# The task
No pictures belong in the copy, but every line of the material below must be reproduced exactly.

# Source material
- - - - - - -

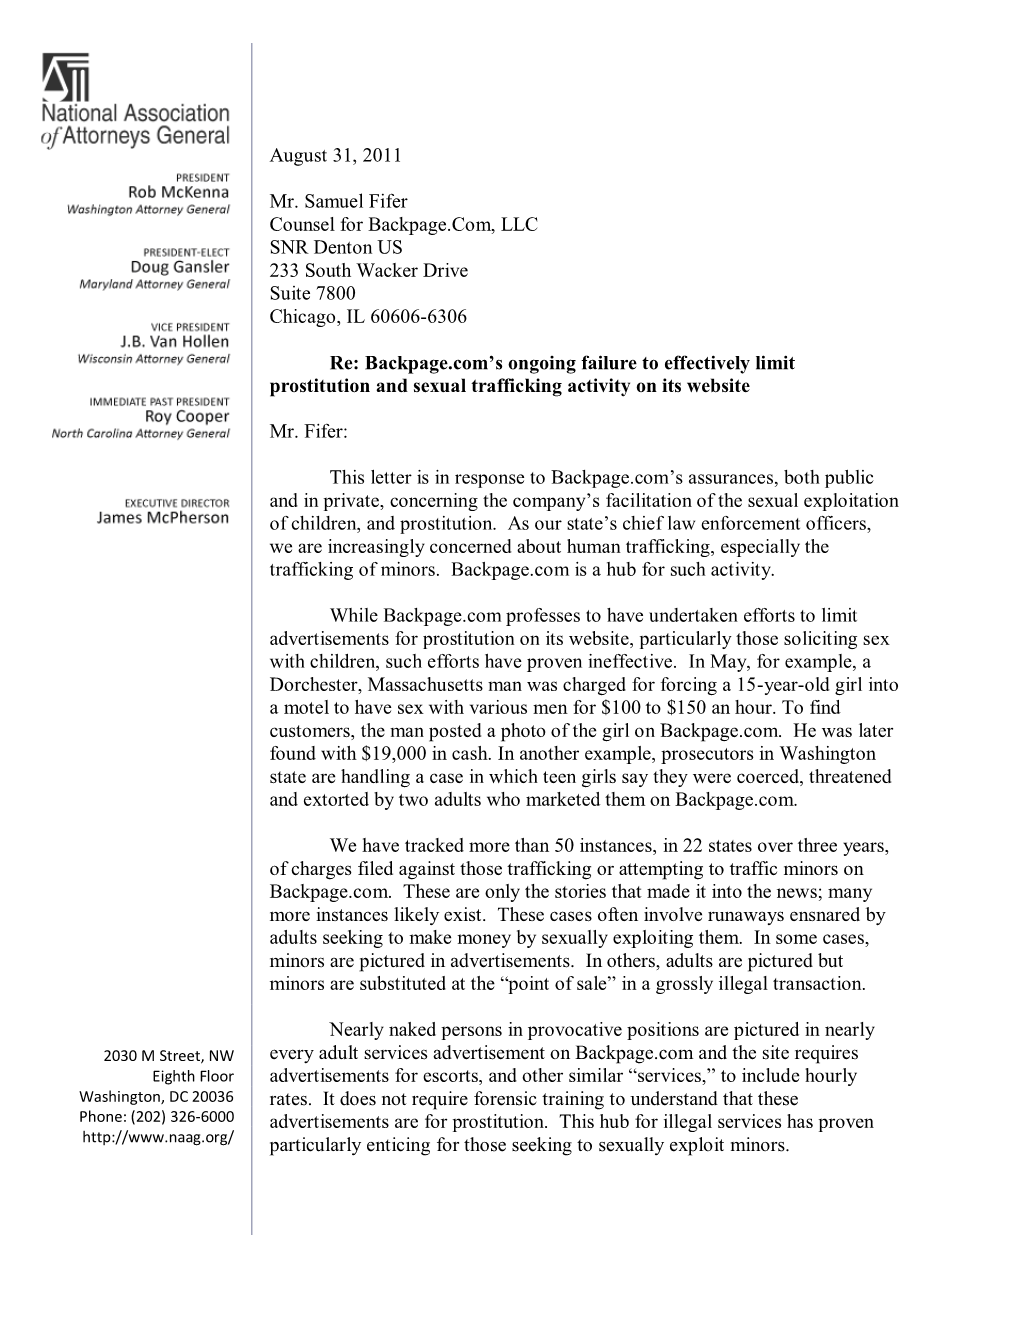 NAAG Letter to Backpage.Com Regarding Human Trafficking
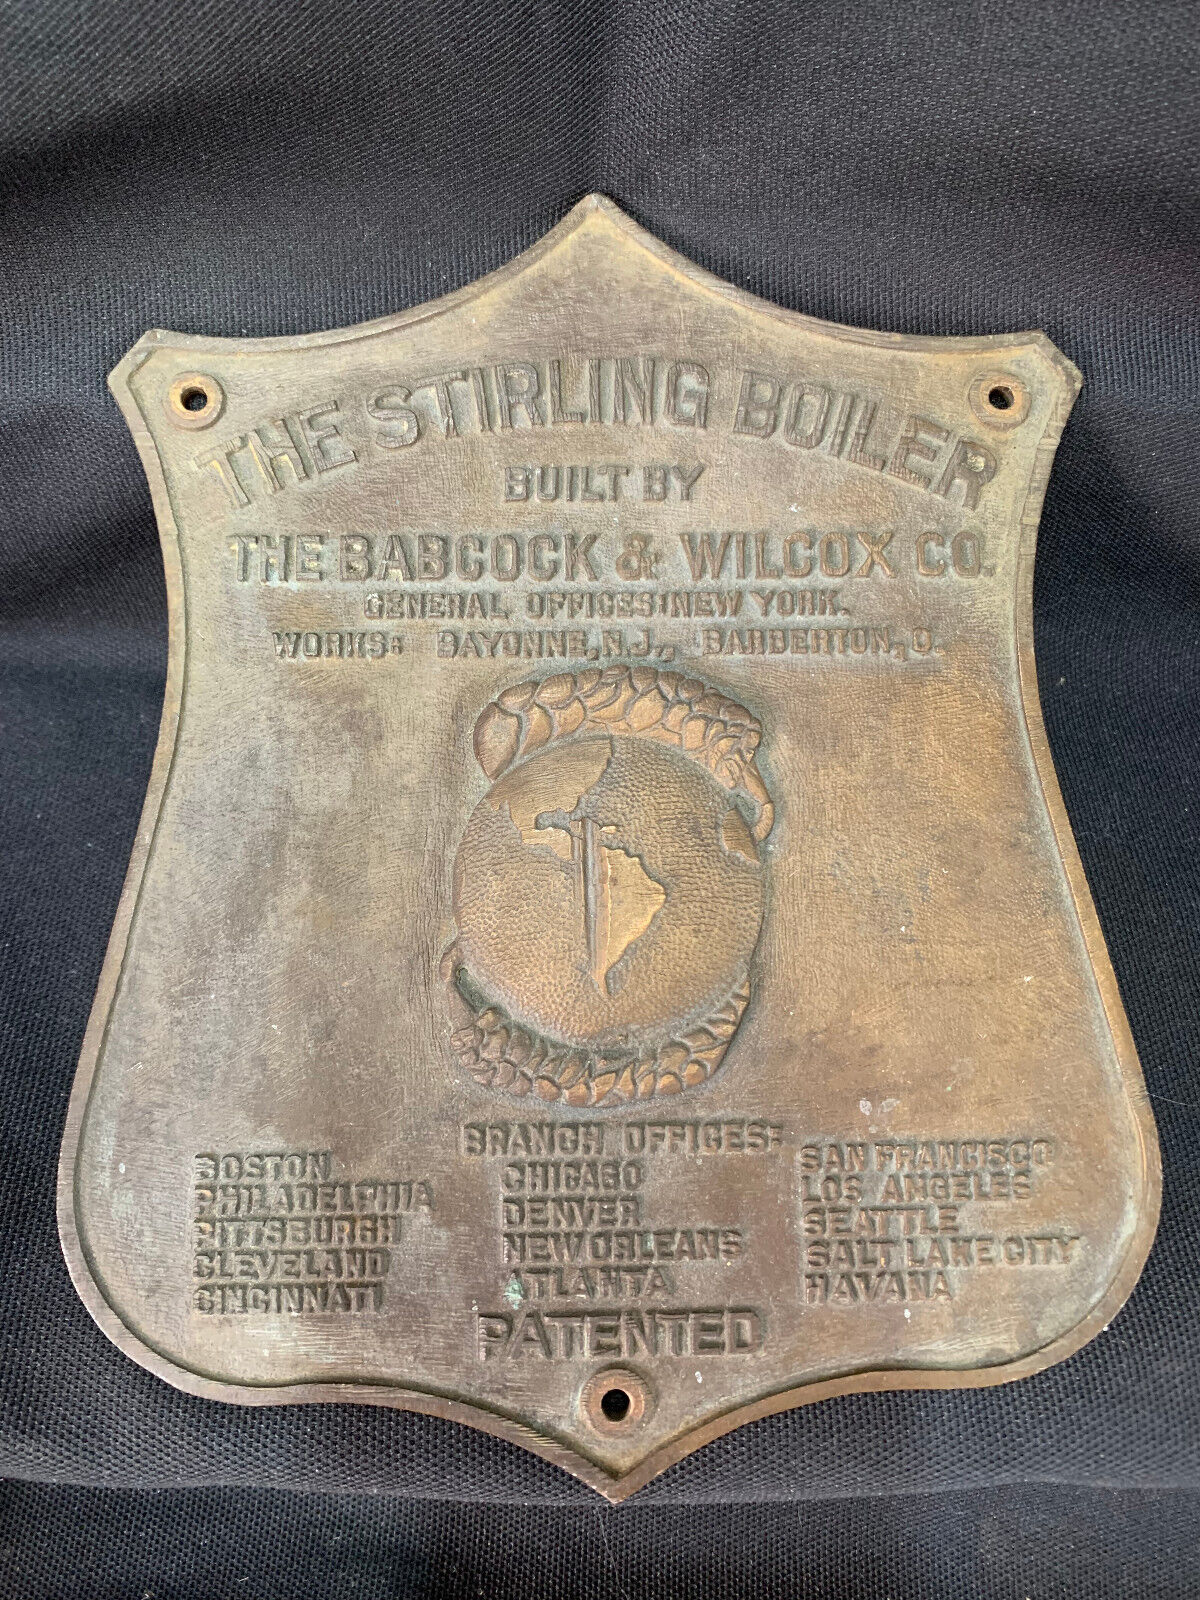 VINTAGE BRASS STIRLING BOILER BUILT BY THE BABCOCK & WILCOX COMPANY NAME PLATE
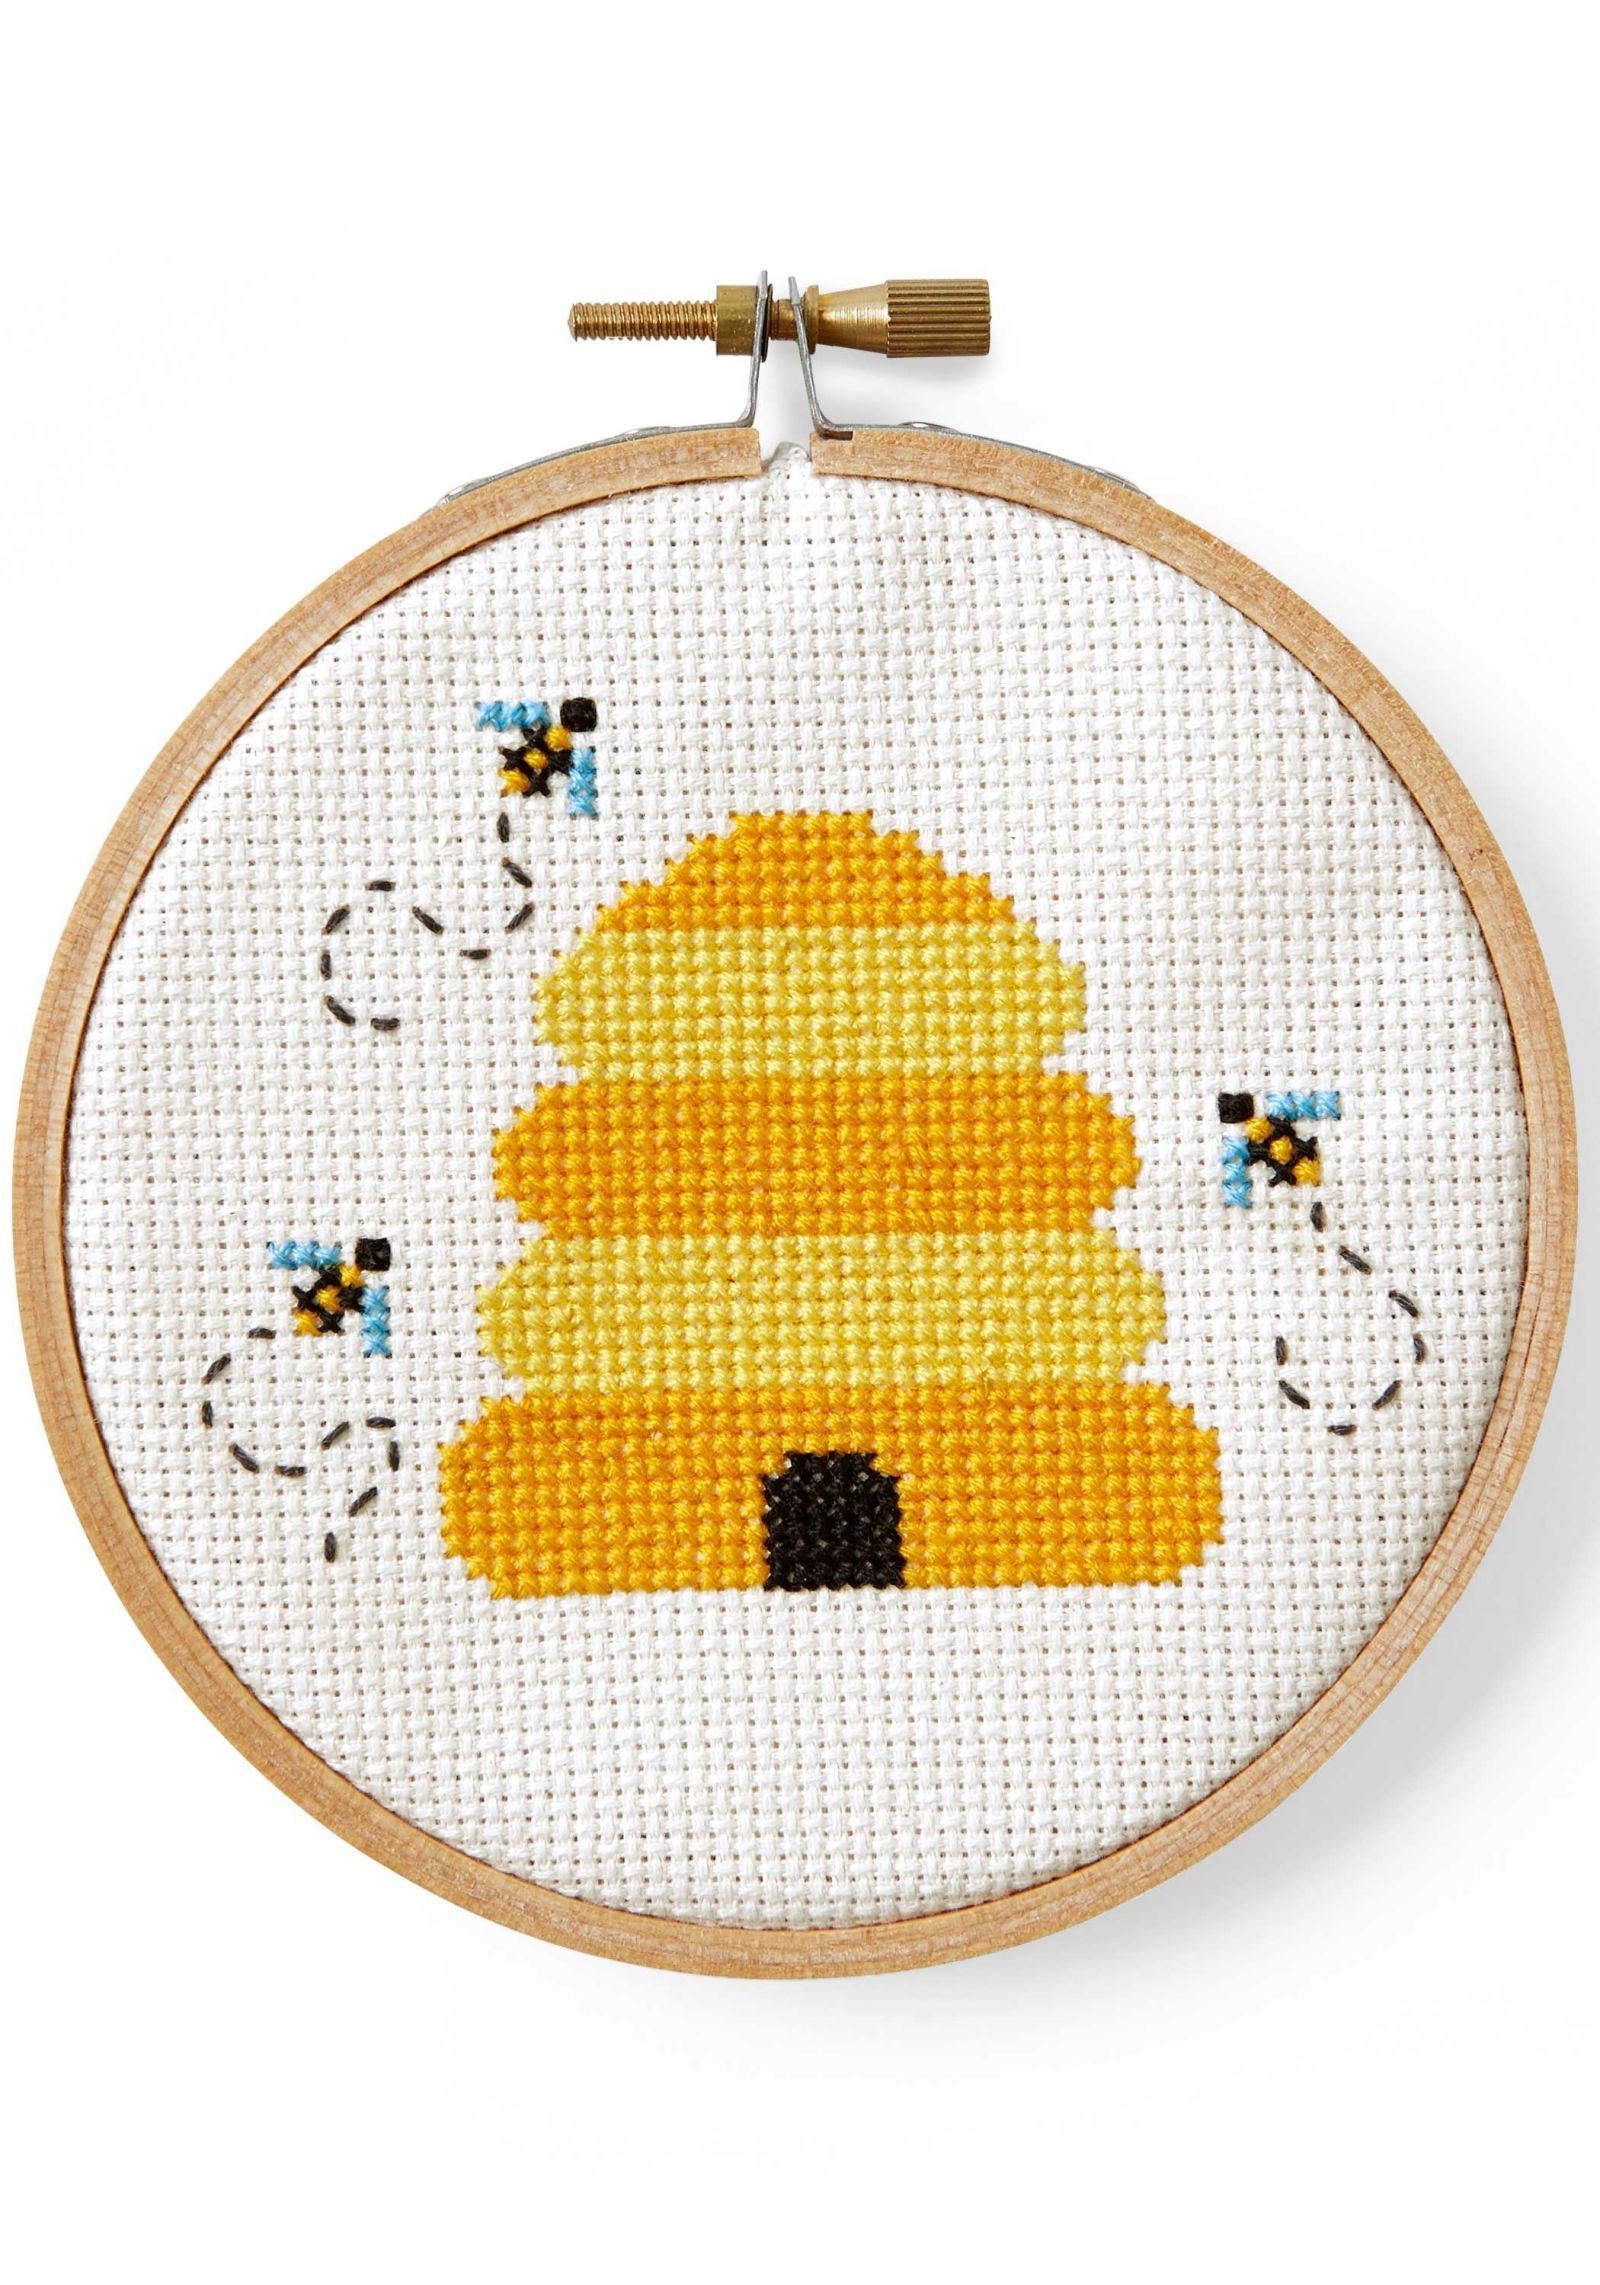 embroidery sampler pattern free

- - - - - - -

# Response to the exercise
 NAAG Letter to Backpage.Com Regarding Human Trafficking
 VINTAGE BRASS STIRLING BOILER BUILT BY THE BABCOCK & WILCOX COMPANY NAME PLATE
 embroidery sampler pattern free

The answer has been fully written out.